站在海蛟堂弟兄们的坟前——严格来说,那只是好几个临时制成的木碑而已——君莫笑接过一坛酒一饮而尽,道:「这一坛,在下敬诸位英雄,给各位赔礼,希望各位能一路走好!」
说罢,君莫笑又拾起一坛酒,仍是毫不犹豫地一饮而尽,对杜航道:「这一坛敬杜堂主,是君某害堂主身陷险境!」
杜航不置可否地点点头,事到如今,也只能如此处理了,君莫笑的做法业已给足了自己面子。
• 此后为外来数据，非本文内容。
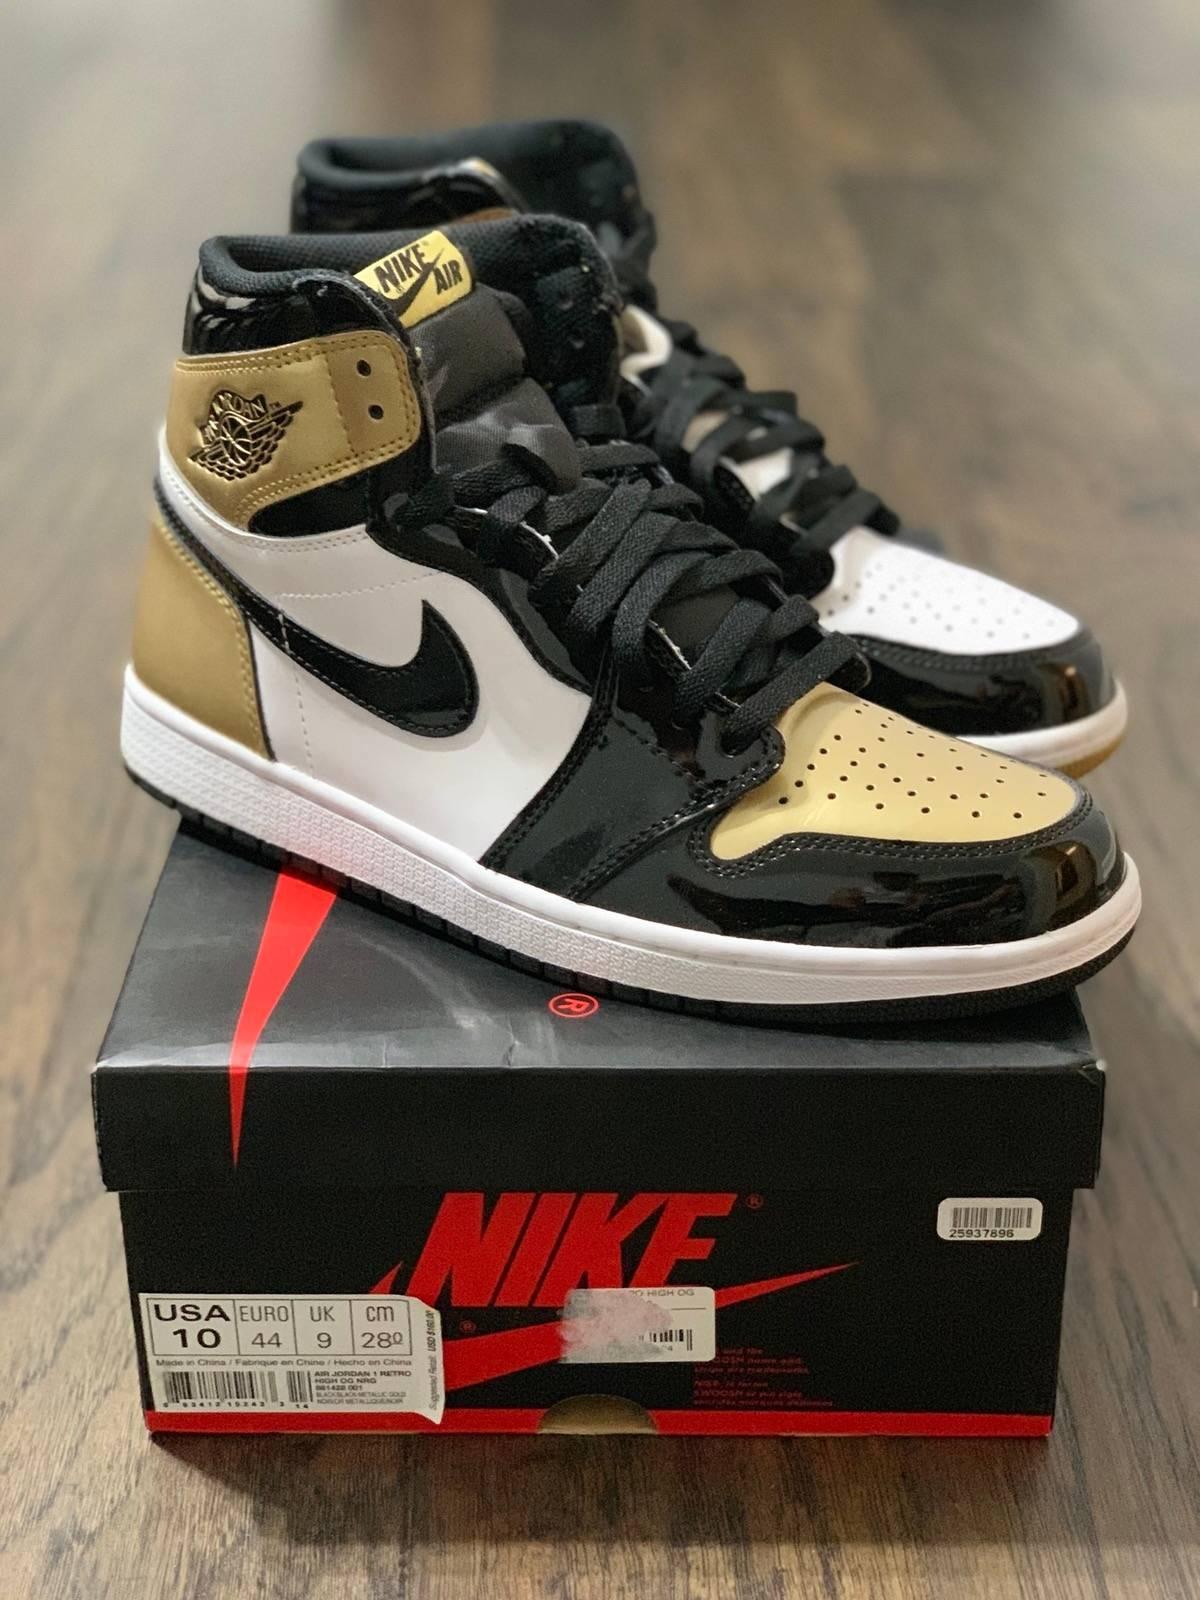 reputable site b93ea d65d3 Jordan Brand × Nike Nike Air Jordan 1 Retro High Nrg Top 3 Gold Toe — Size  10 Size 10 $375
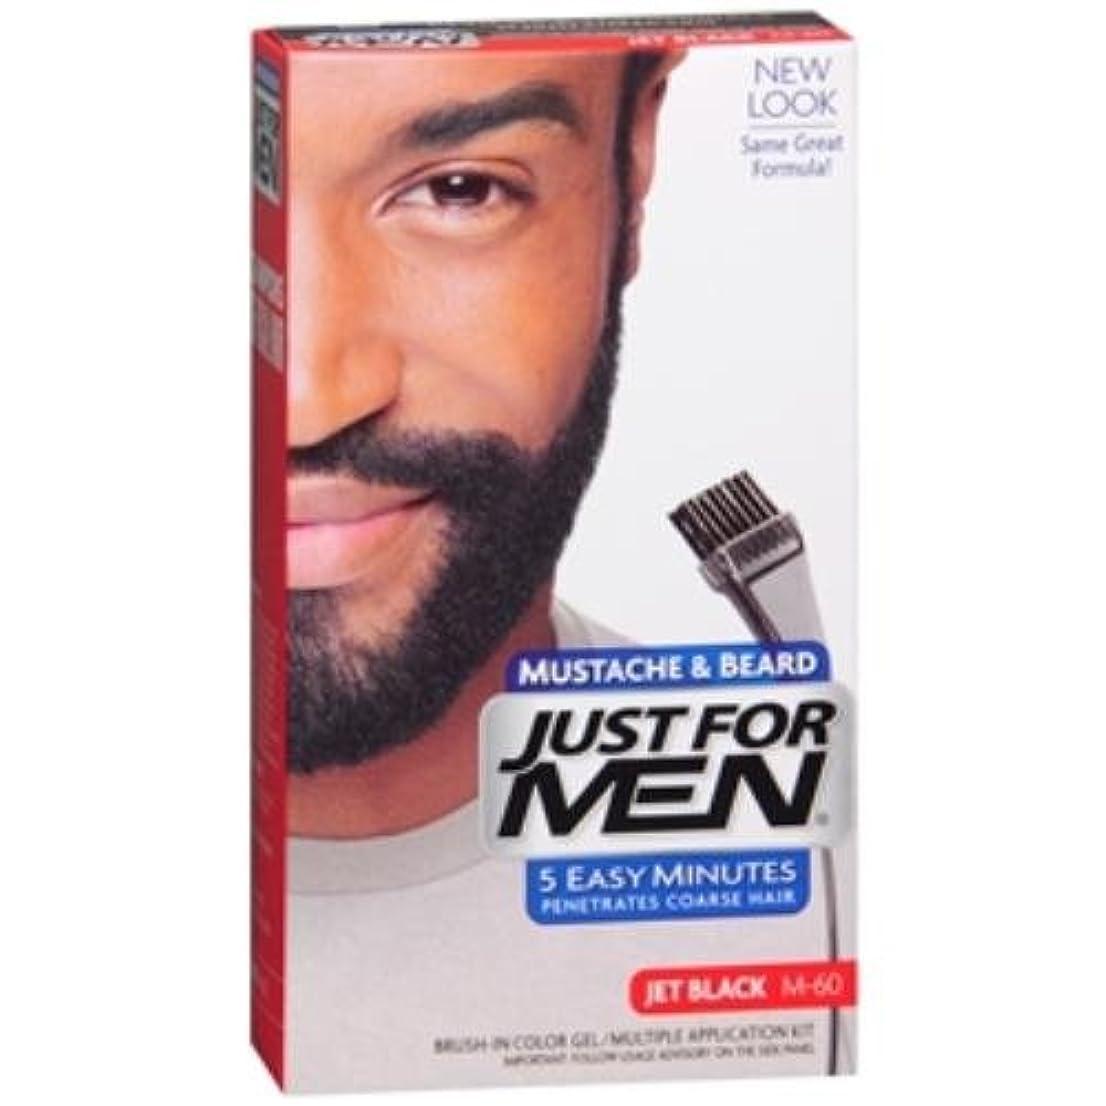 スペシャリスト四回栄光Just For Men Brush-In Color Gel Mustache & Beard Jet Black # M-60 1 Kit (並行輸入品)

杜航望着天边,晨光业已撕破了夜的笼罩,朝阳从海面下探出了头。他长叹一声道:「罢了罢了,这次也是老夫心急,竟损失了这么多兄弟,剩下的人,去把金银珠宝分些许给三位少侠,再给周边的村子送些许,剩下的次日按功行赏。」
君莫笑道:「杜堂主慷慨解囊,救助周边穷苦人家,君某深感佩服,只是我乃丐帮弟子,堂主何时见过乞丐腰缠万贯,堂主把给君某的也一并给了百姓就好。」
杜航点点头,背过身去安排收编那些异国船员的事宜,不再与君莫笑说话。
君莫笑回到何二狗身旁,追问道:「何兄,你与那人交手,那人实力如何?」
何二狗道:「实力强劲,何某只是险胜。」
君莫笑又问道:「那此人用的何武功,何兄知否?」
何二狗道:「呃……何某打得仓促,实是没有细看……」
何二狗心道:「我连和他过几招的本事都没有,我连有什么武功都不清楚,拿何看出他的武功??」
何二狗心里哭笑不得:「作何你还替我打圆场。」
君莫笑点点头道:「也难怪,异国高手,恐怕武功体系也与中原不同,何兄一时没有辨别出也实属正常。」
「只是,」君莫笑言,「最大的疑点就是这个张恒副将的身份……以及他和骆兄的关系。」
骆惊弦道:「我不认识这个人。」
骆惊弦突然说话,何二狗和君莫笑急忙问道:「那骆兄为何如此失神落魄?」
骆惊弦摇摇头,露出一人有些虚弱的笑容:「我觉着我们大费周章这么几天,却得出一个毫无用处的名字……」
君莫笑爽朗一笑:「也不能说全无用处,丐帮在情报方面颇有所长,在下相信一定能有关于此人的线索。」
骆惊弦微笑着点点头,有气无力地说:「如此就好。」
君莫笑点点头,便站起身来,向二人一拱手道:「那既然此事就此了解,君某便告辞了,若丐帮查到了逃跑的神秘人的消息或关于张恒副将的消息,君某一定写信通知何兄!」
何二狗笑笑,也一拱手道:「那就有劳君兄费心了。」
说罢,君莫笑便大步流星地走了了。
何二狗重新蹲在骆惊弦身旁,关切地问道:「骆姑娘,现在四下没有其他人,你是不是知道这个张恒副将?」
骆惊弦回头看看何二狗,何二狗在这个雷厉风行,英姿飒爽的女子眼里注意到了一丝疲惫。